▸ PROBLEM
Everything in the records below from the line containing "Šplhadlo CMI, cca 1982" through the line containing "concept car,Transportation Design,Rural" is to be reproduced exactly, those two lines included; no picture is to be copied.

▸ DATA FOR THIS TASK
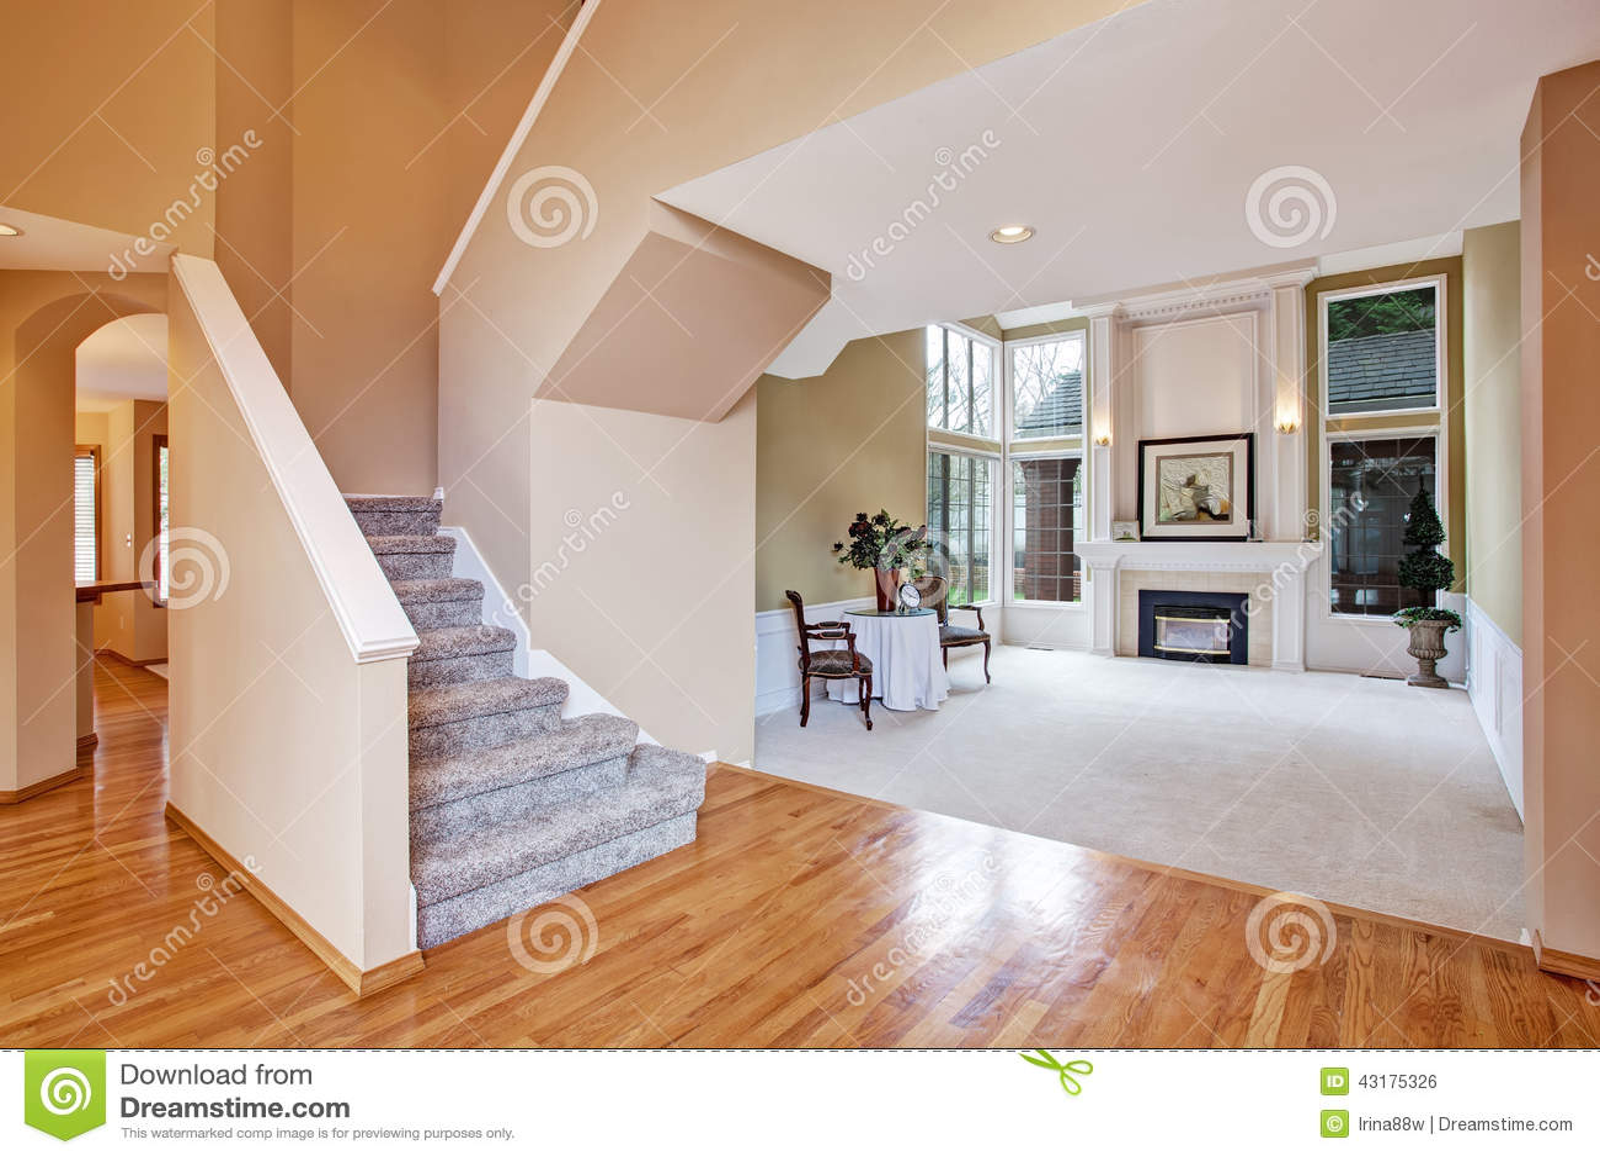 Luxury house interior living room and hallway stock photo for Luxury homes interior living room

...

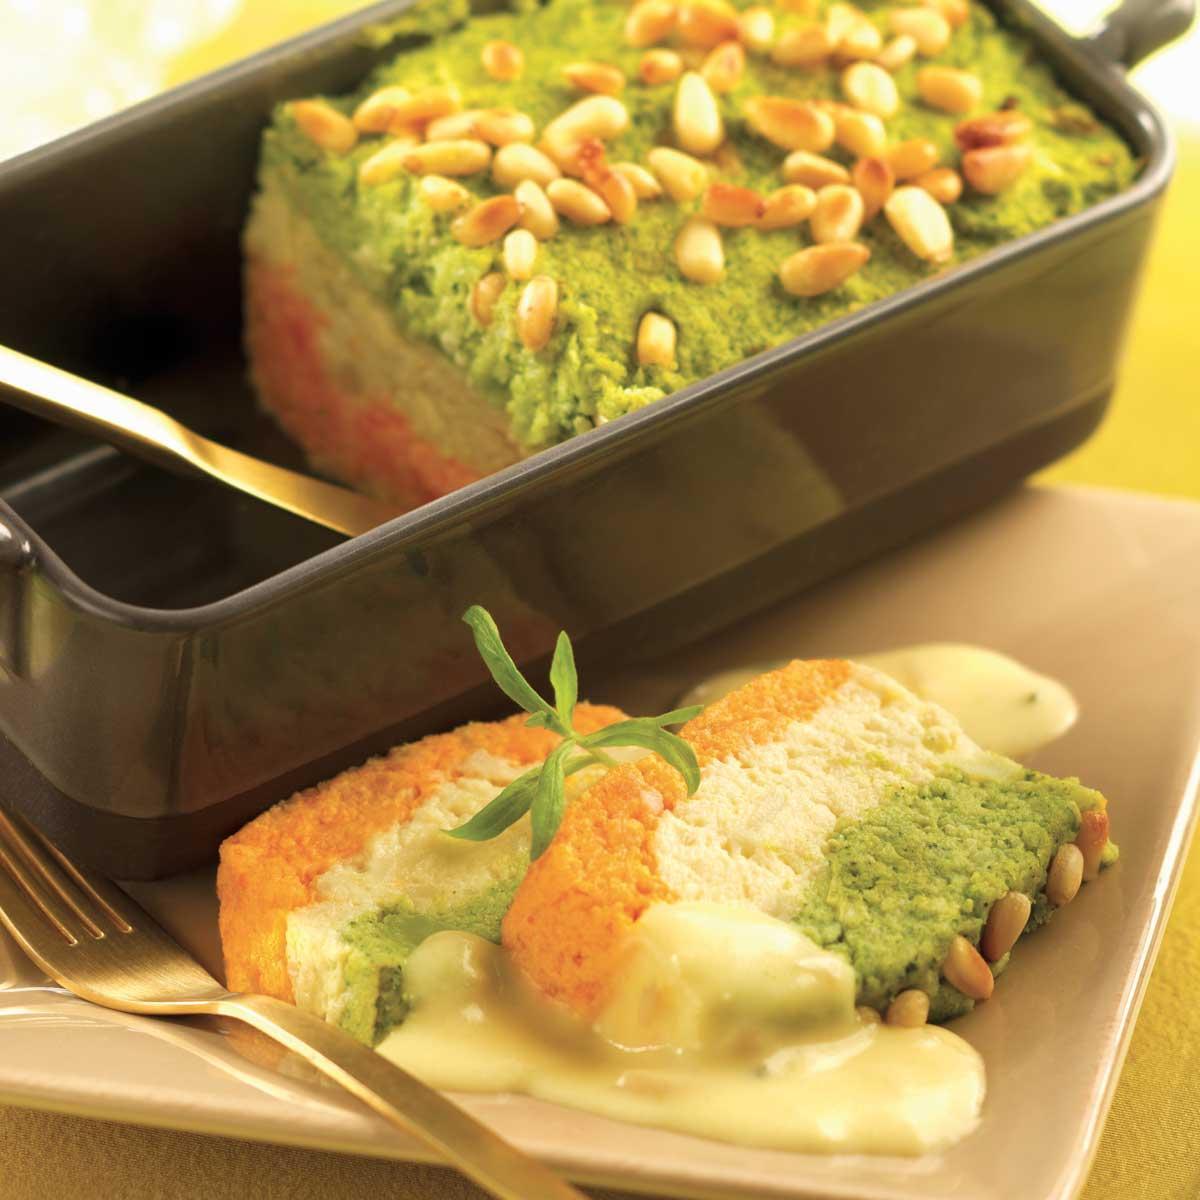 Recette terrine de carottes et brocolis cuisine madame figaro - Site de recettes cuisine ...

* * *

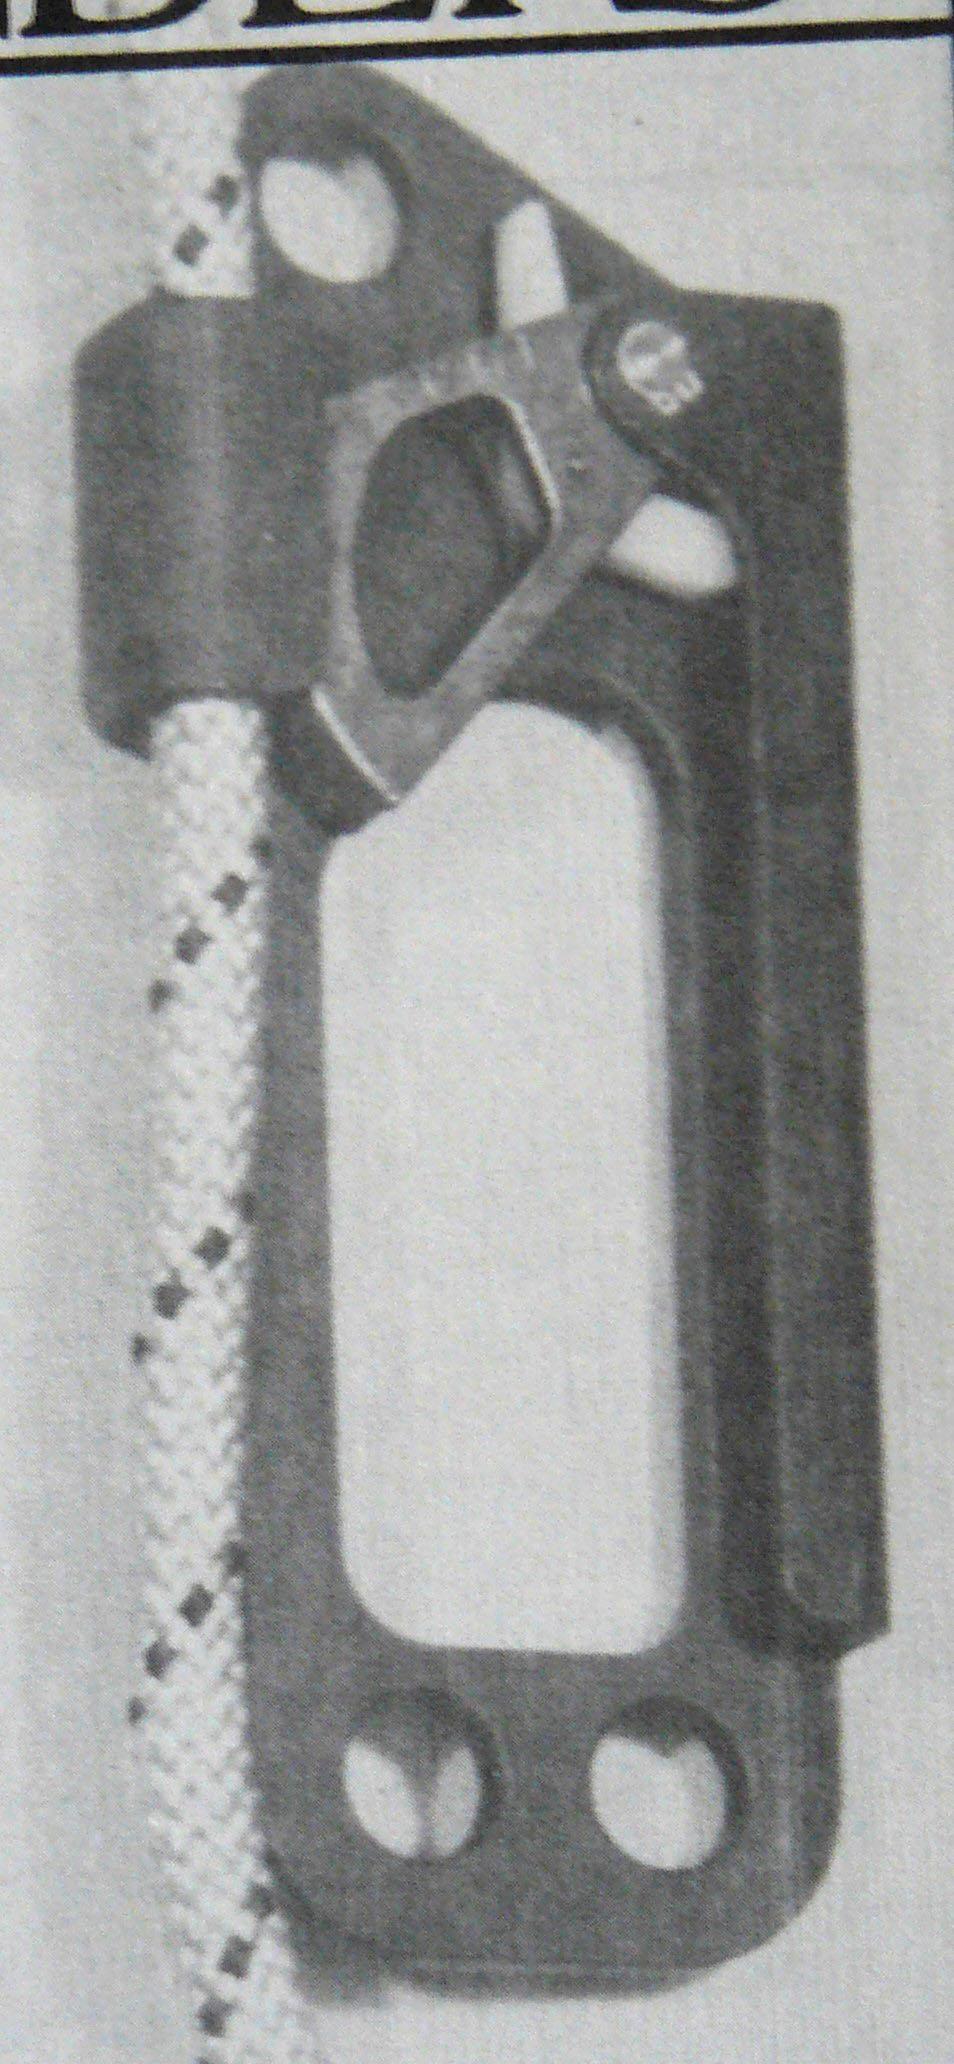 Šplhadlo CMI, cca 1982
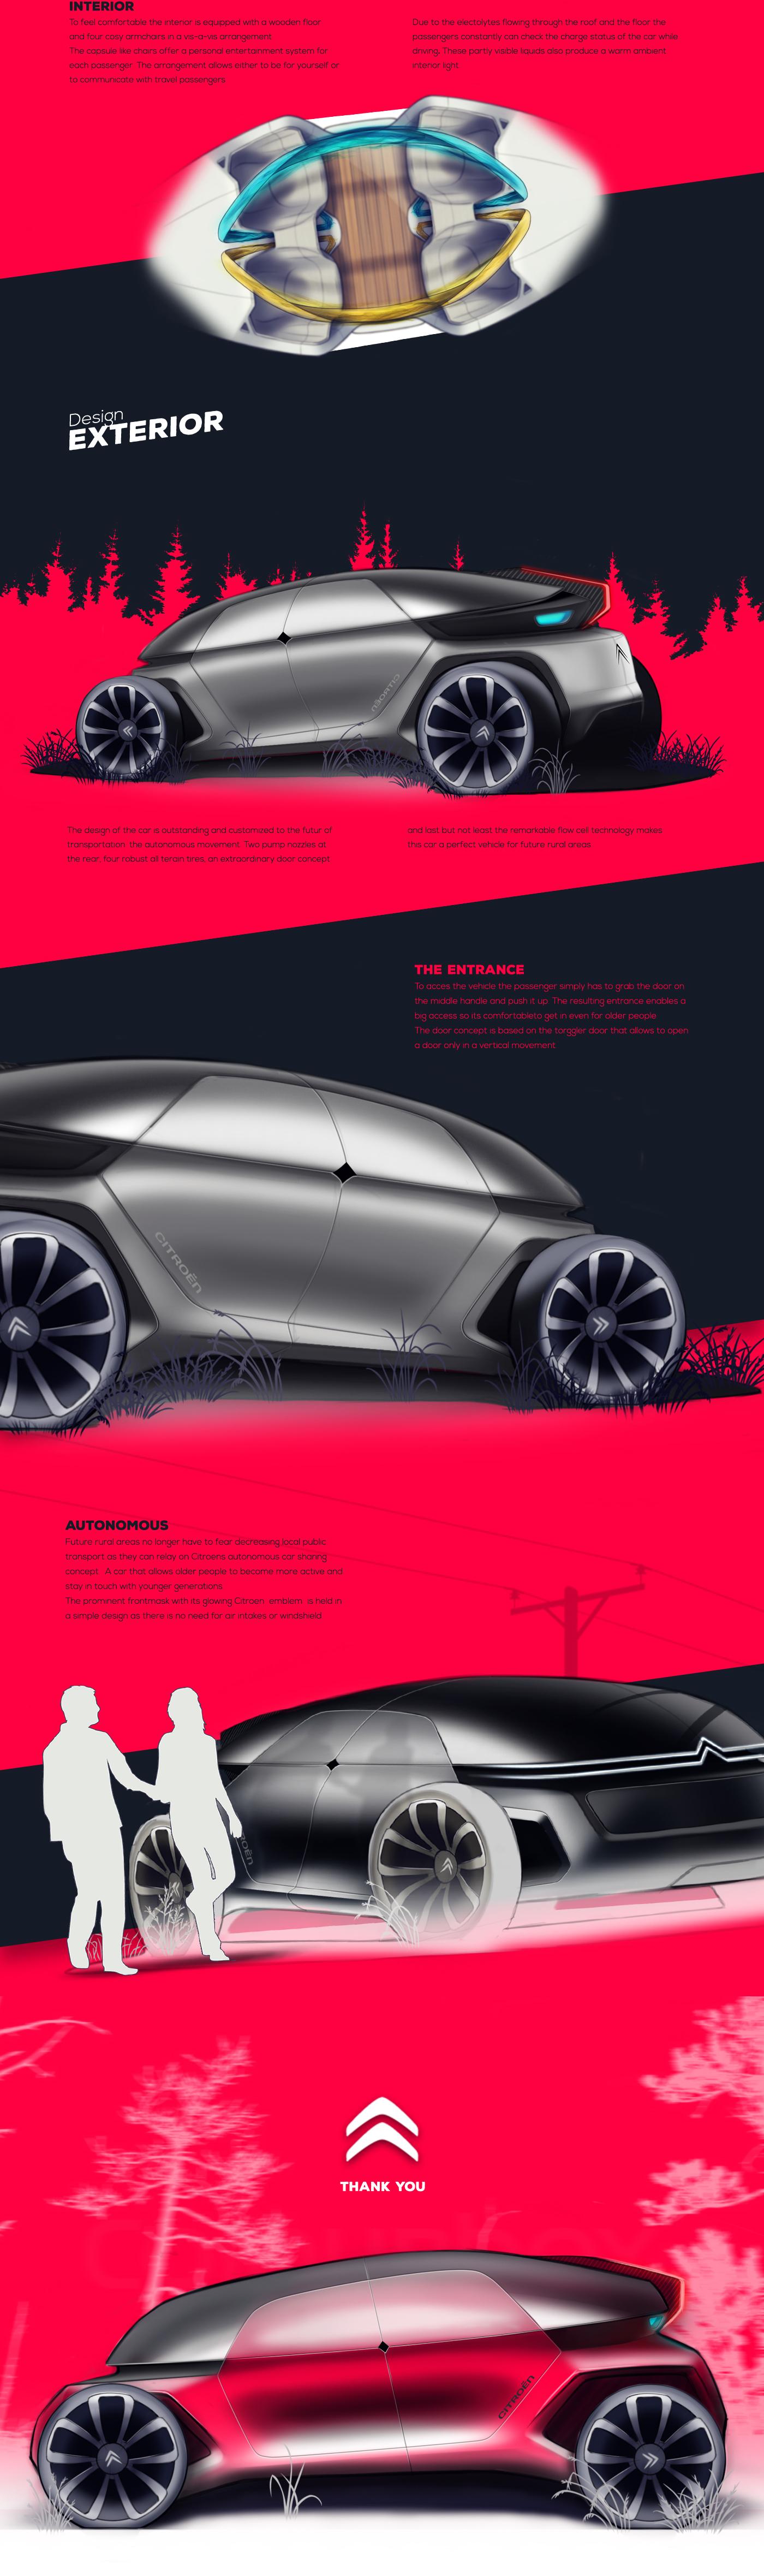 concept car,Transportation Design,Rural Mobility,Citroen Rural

▸ ANSWER BOX
 Šplhadlo CMI, cca 1982
 concept car,Transportation Design,Rural Mobility,Citroen Rural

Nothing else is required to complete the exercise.